[Start of Attachment]
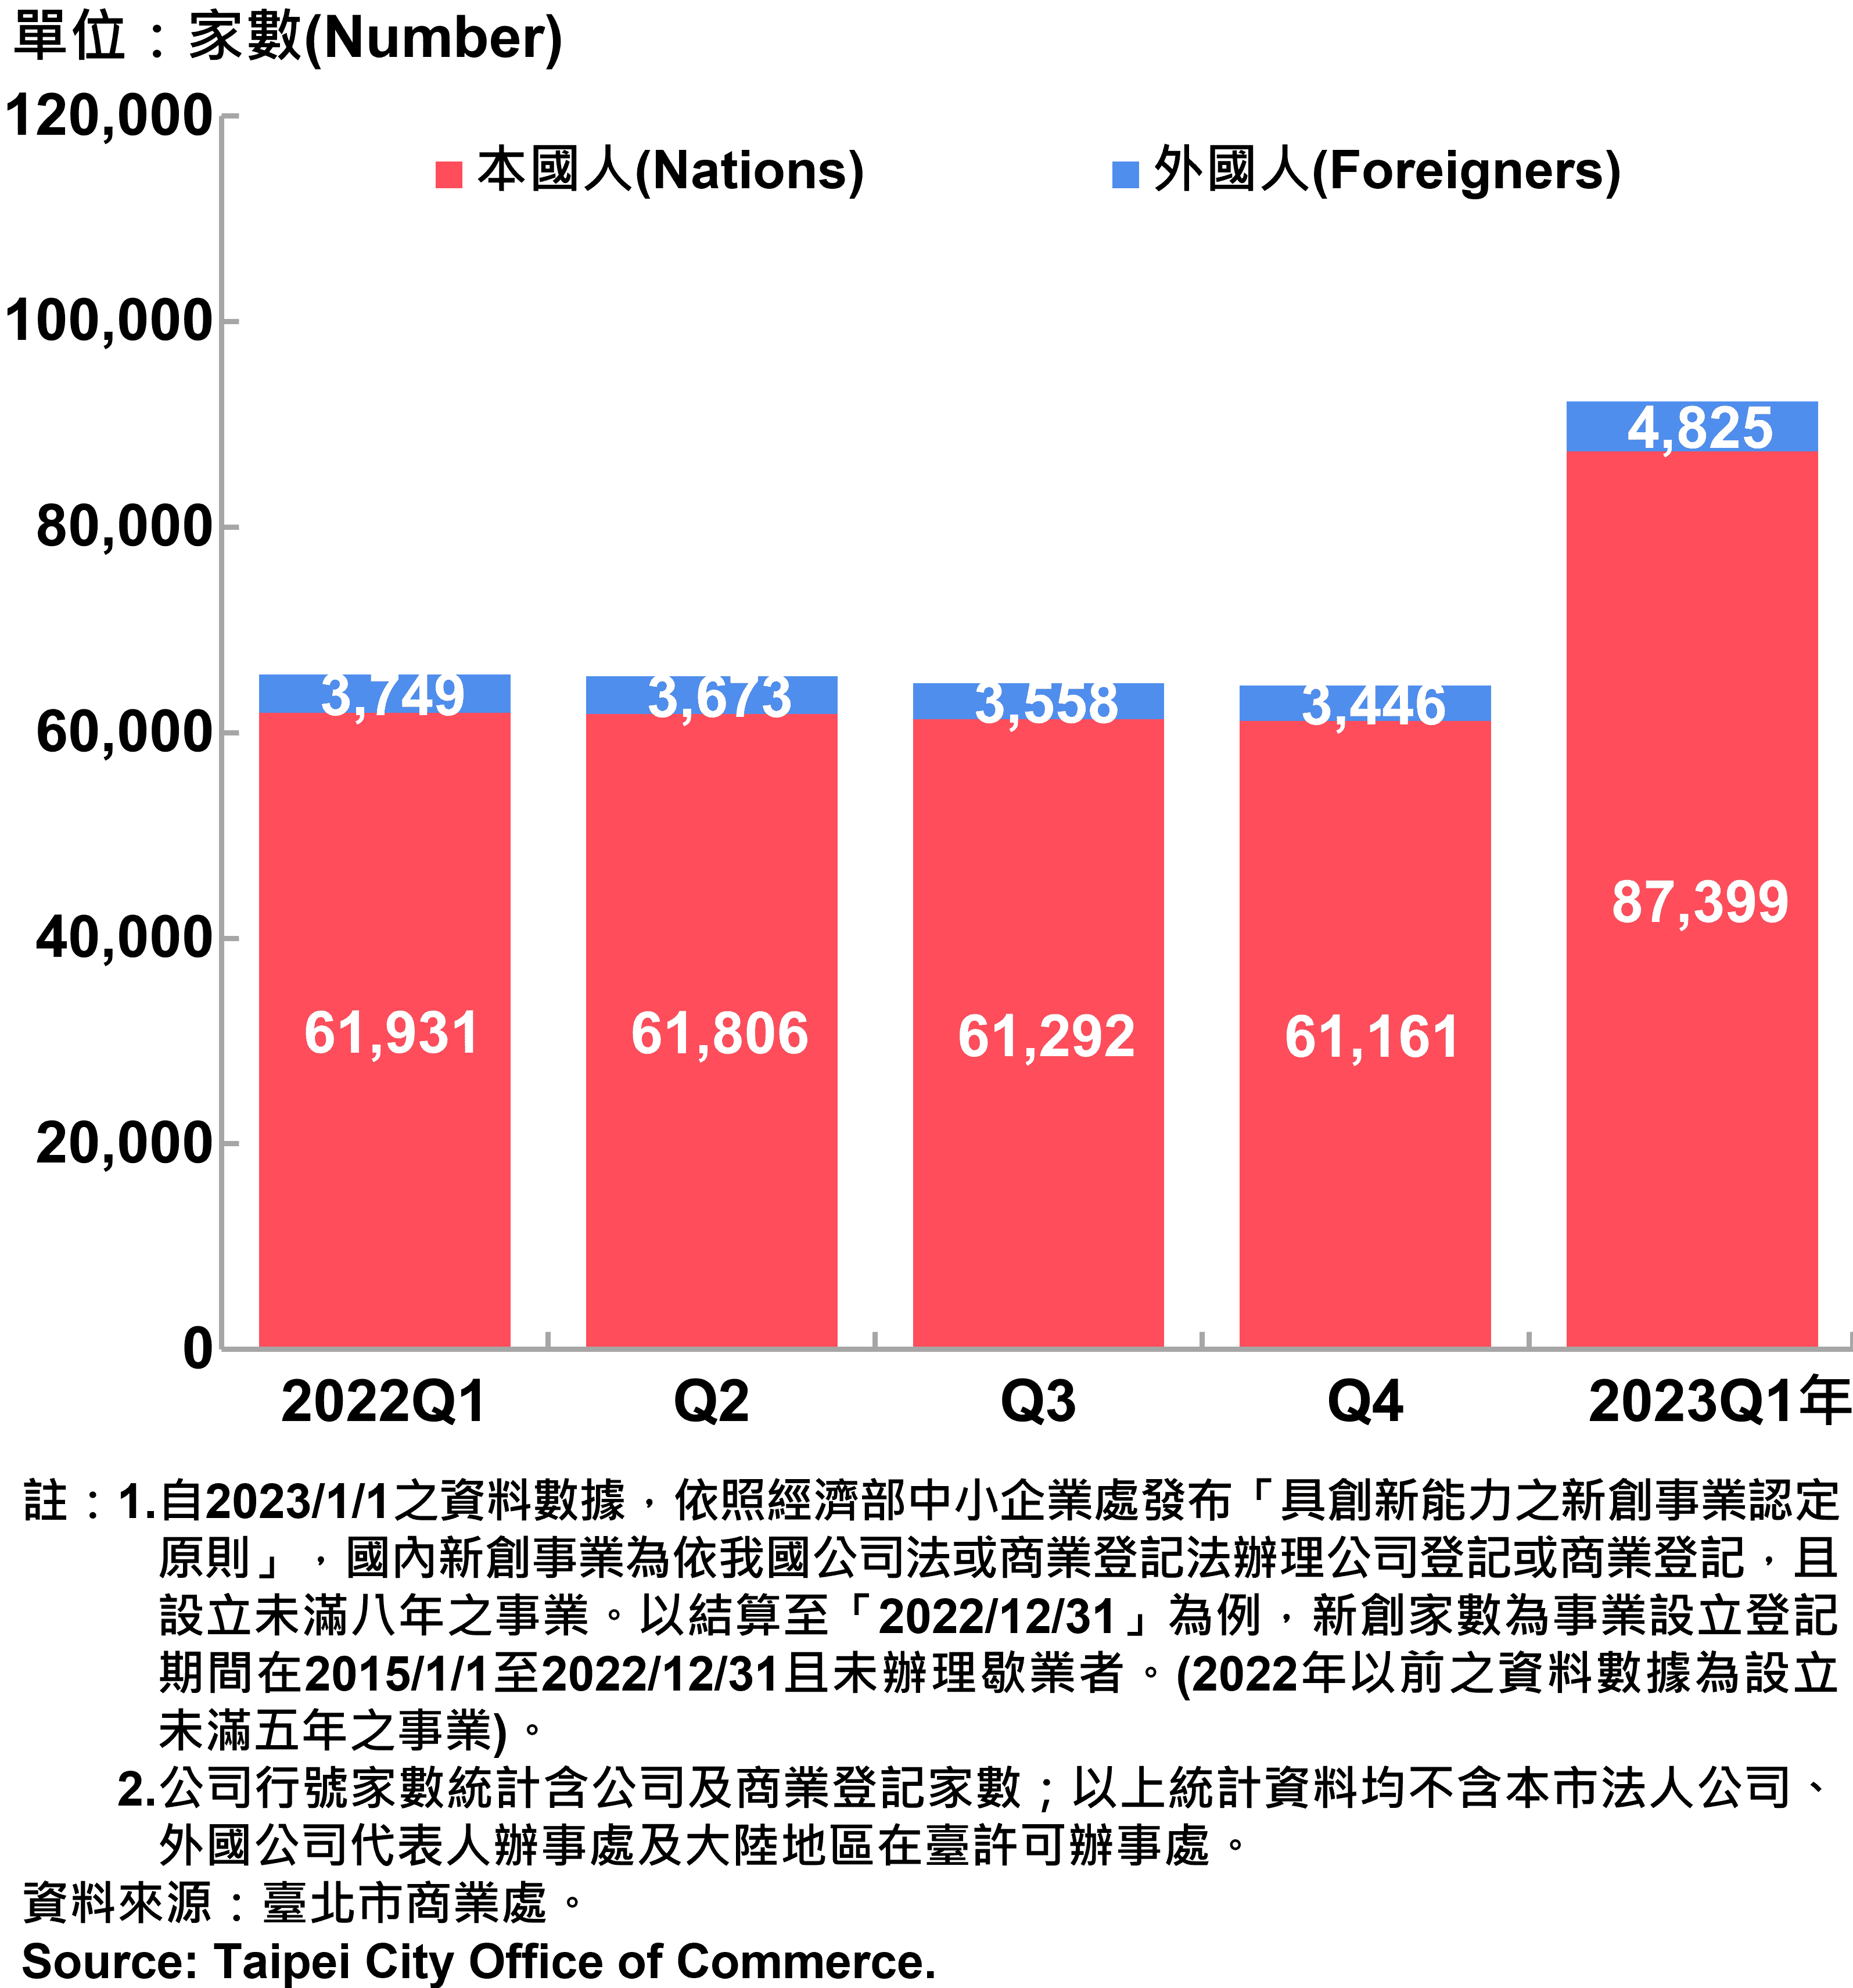 臺北市新創公司行號負責人-本國人與外國人分布情形-現存家數—2023Q1 Responsible Person of Newly Registered Companies In Taipei City by Nationality - Number of Current—2023Q1
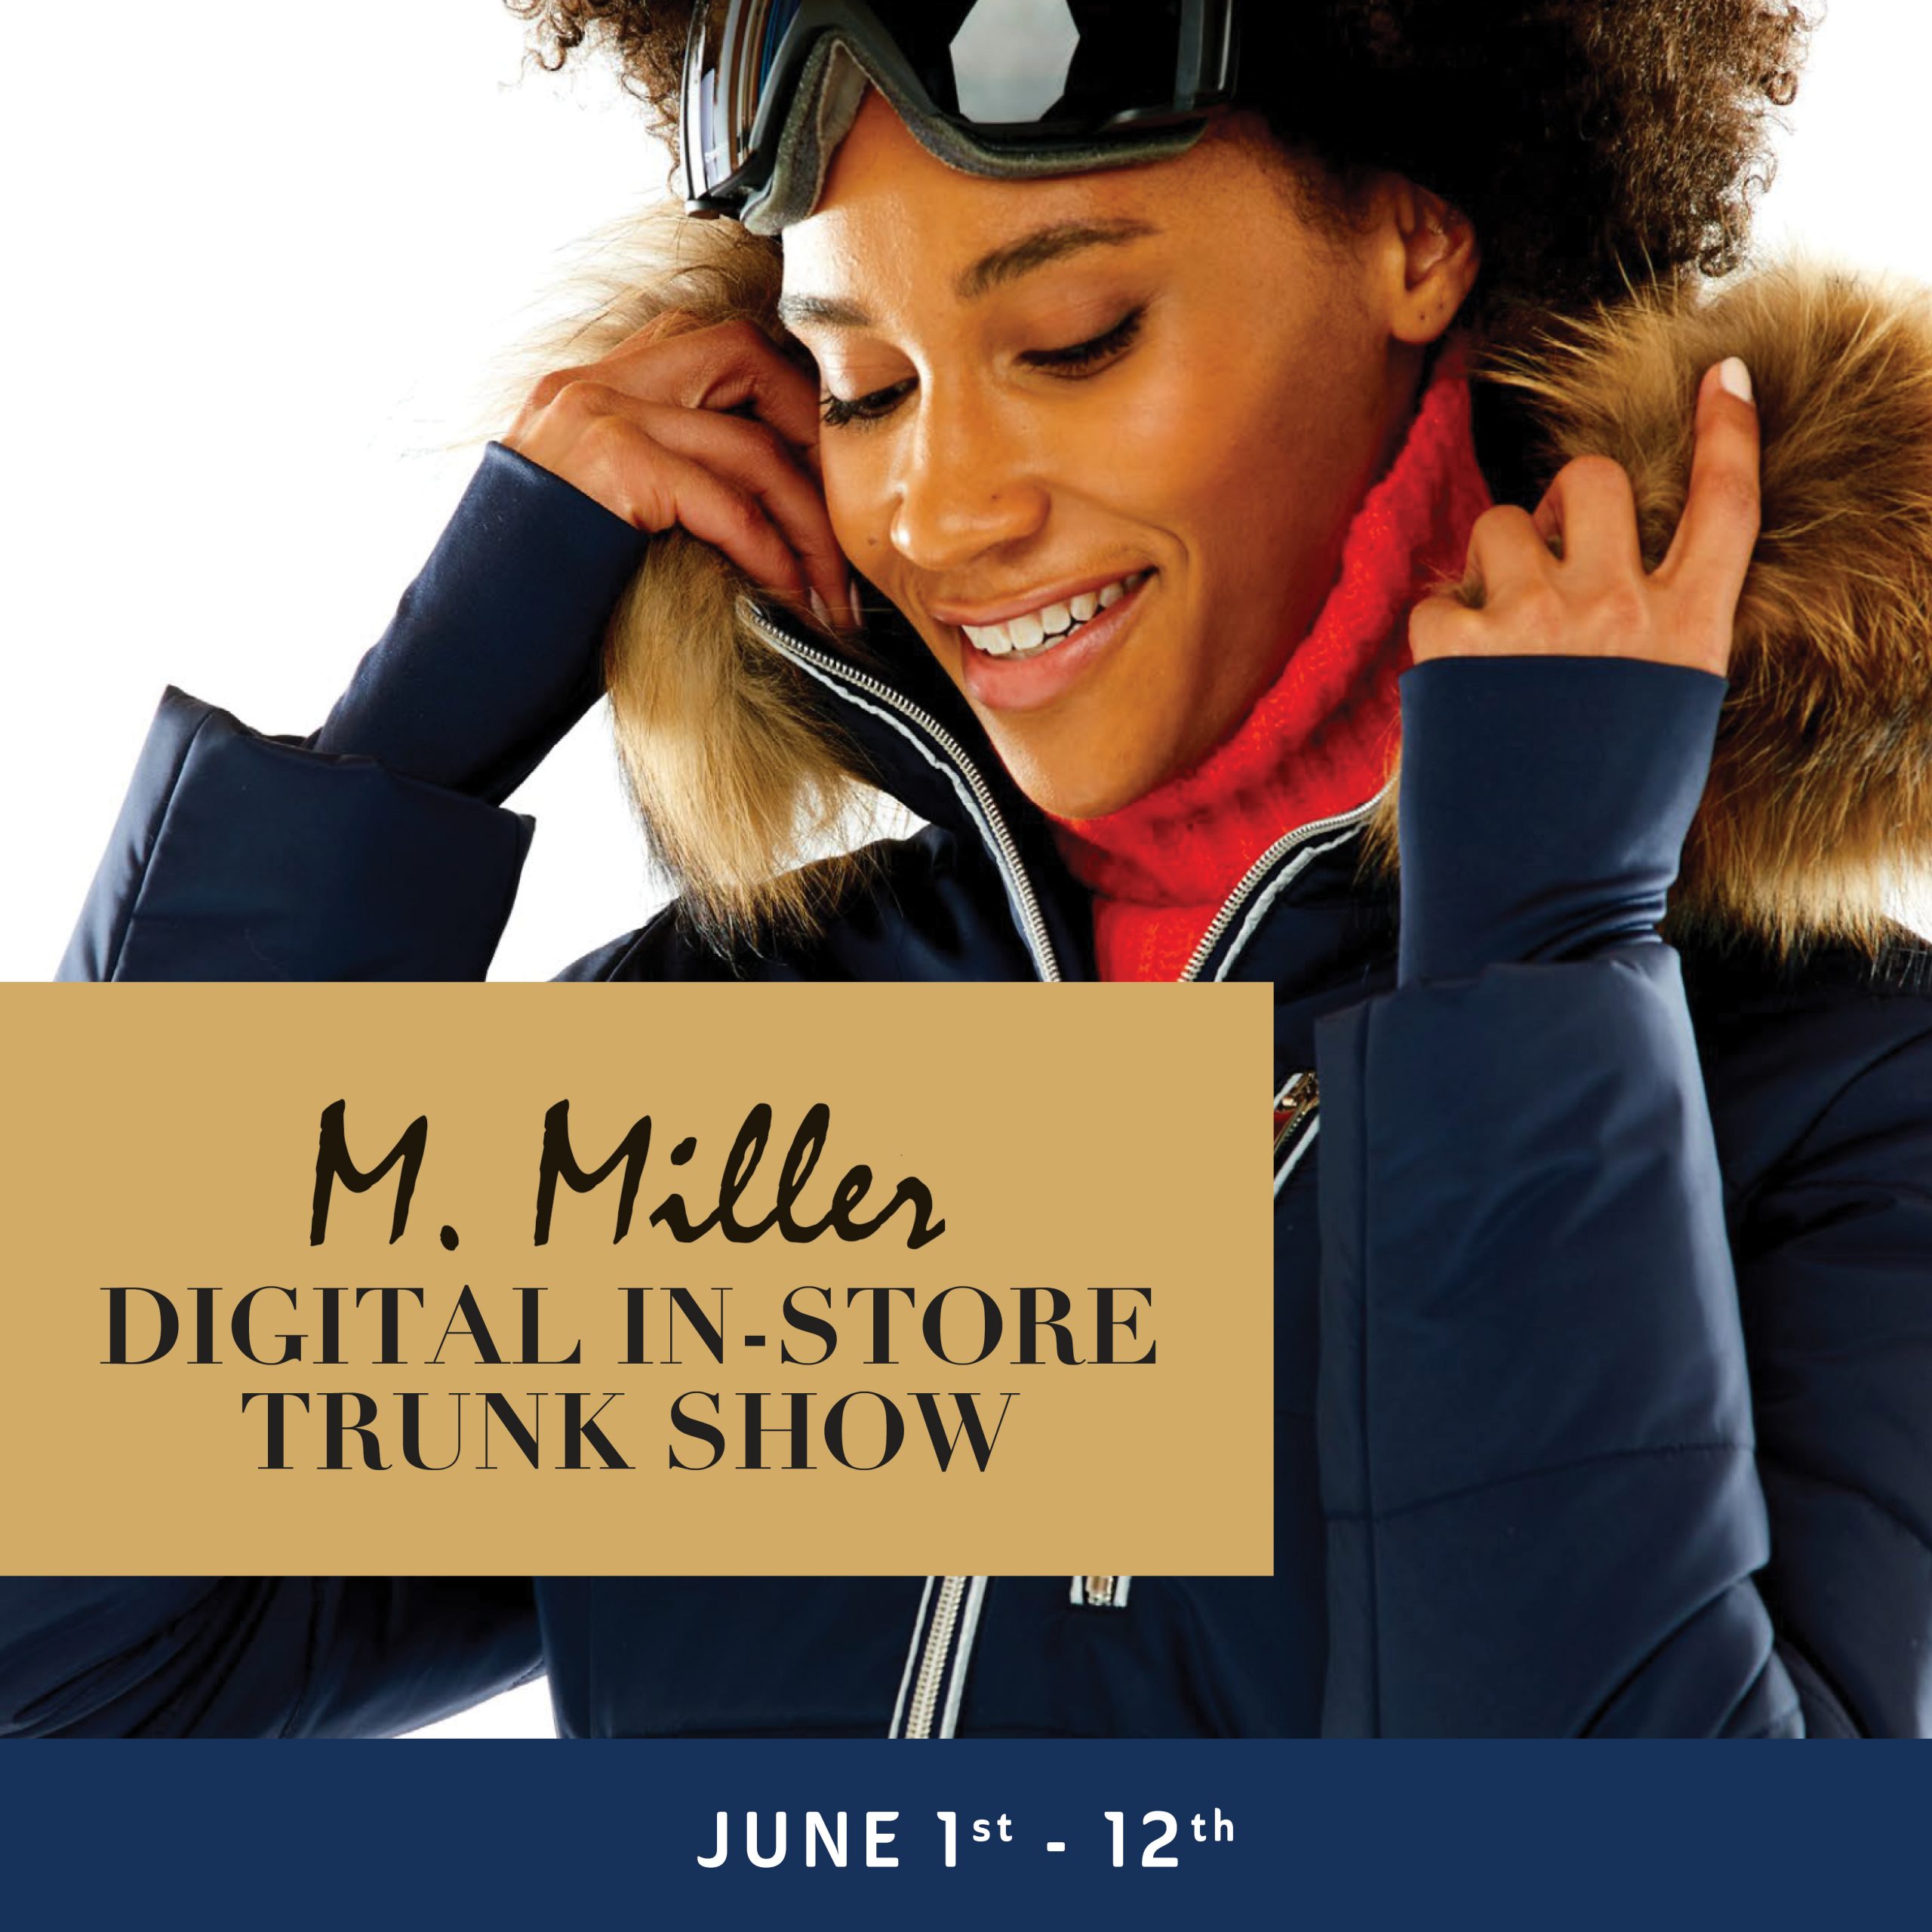 M. Miller Trunk Show
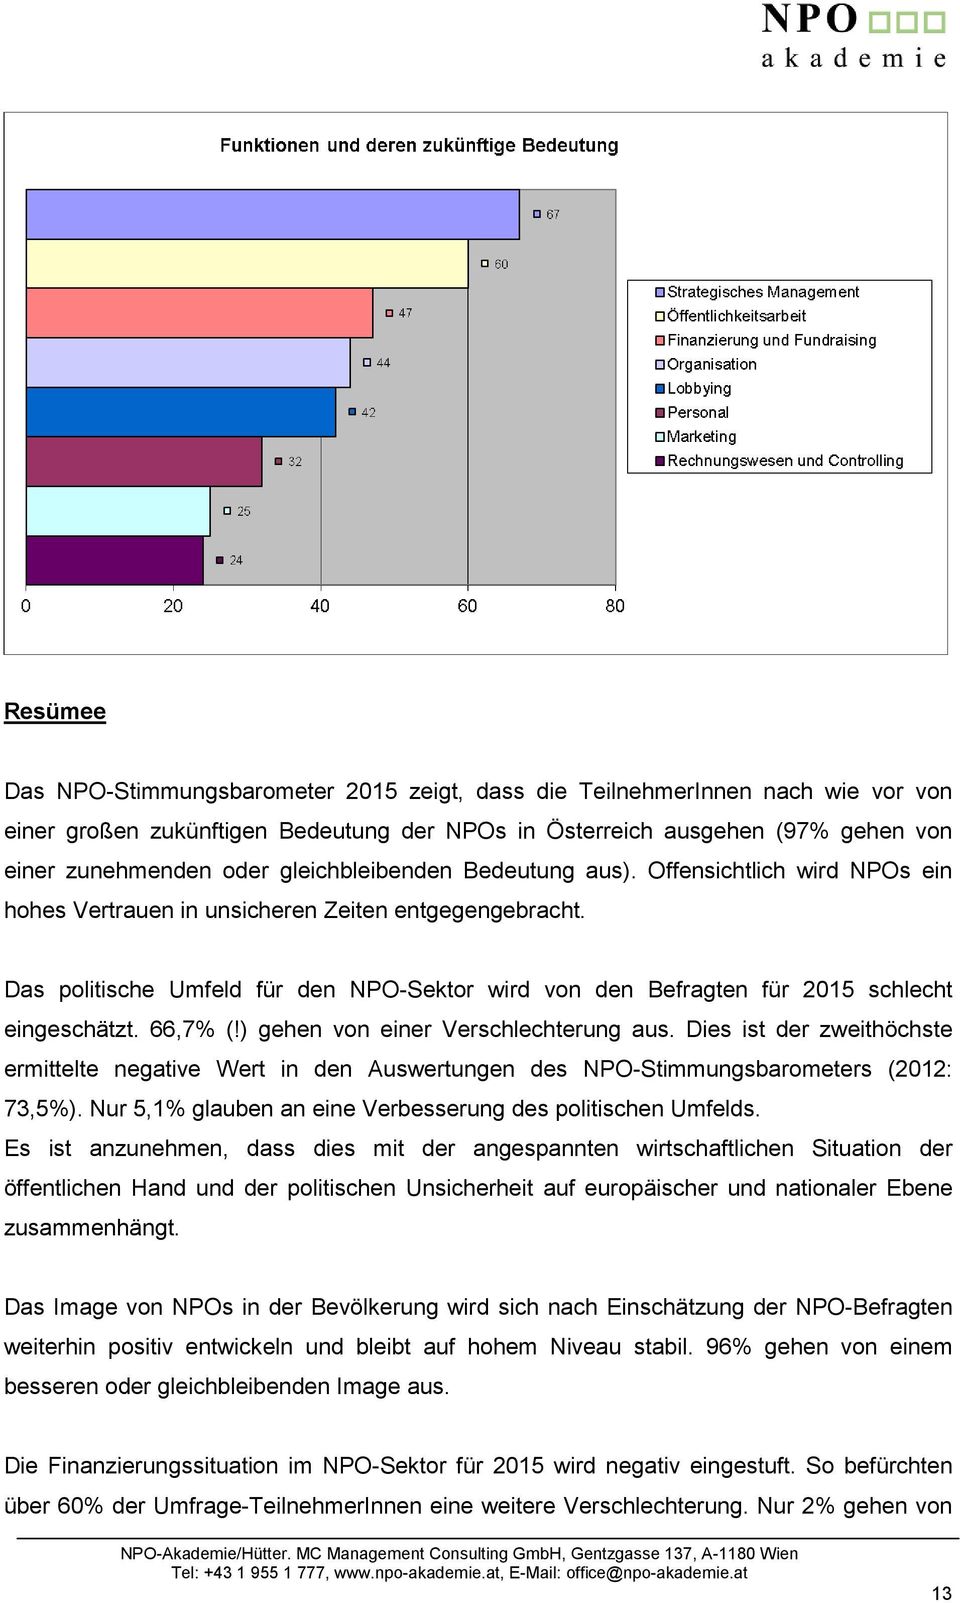 Das politische Umfeld für den NPO-Sektor wird von den Befragten für 2015 schlecht eingeschätzt. 66,7% (!) gehen von einer Verschlechterung aus.
[End of Attachment]
_Problem details_
Copy verbatim the span that begins at the line containing "M. Miller Trunk Show" and ends at the last line of the material, inclusive of both; exclude pictures.

_Reply_
 M. Miller Trunk Show
 Das politische Umfeld für den NPO-Sektor wird von den Befragten für 2015 schlecht eingeschätzt. 66,7% (!) gehen von einer Verschlechterung aus.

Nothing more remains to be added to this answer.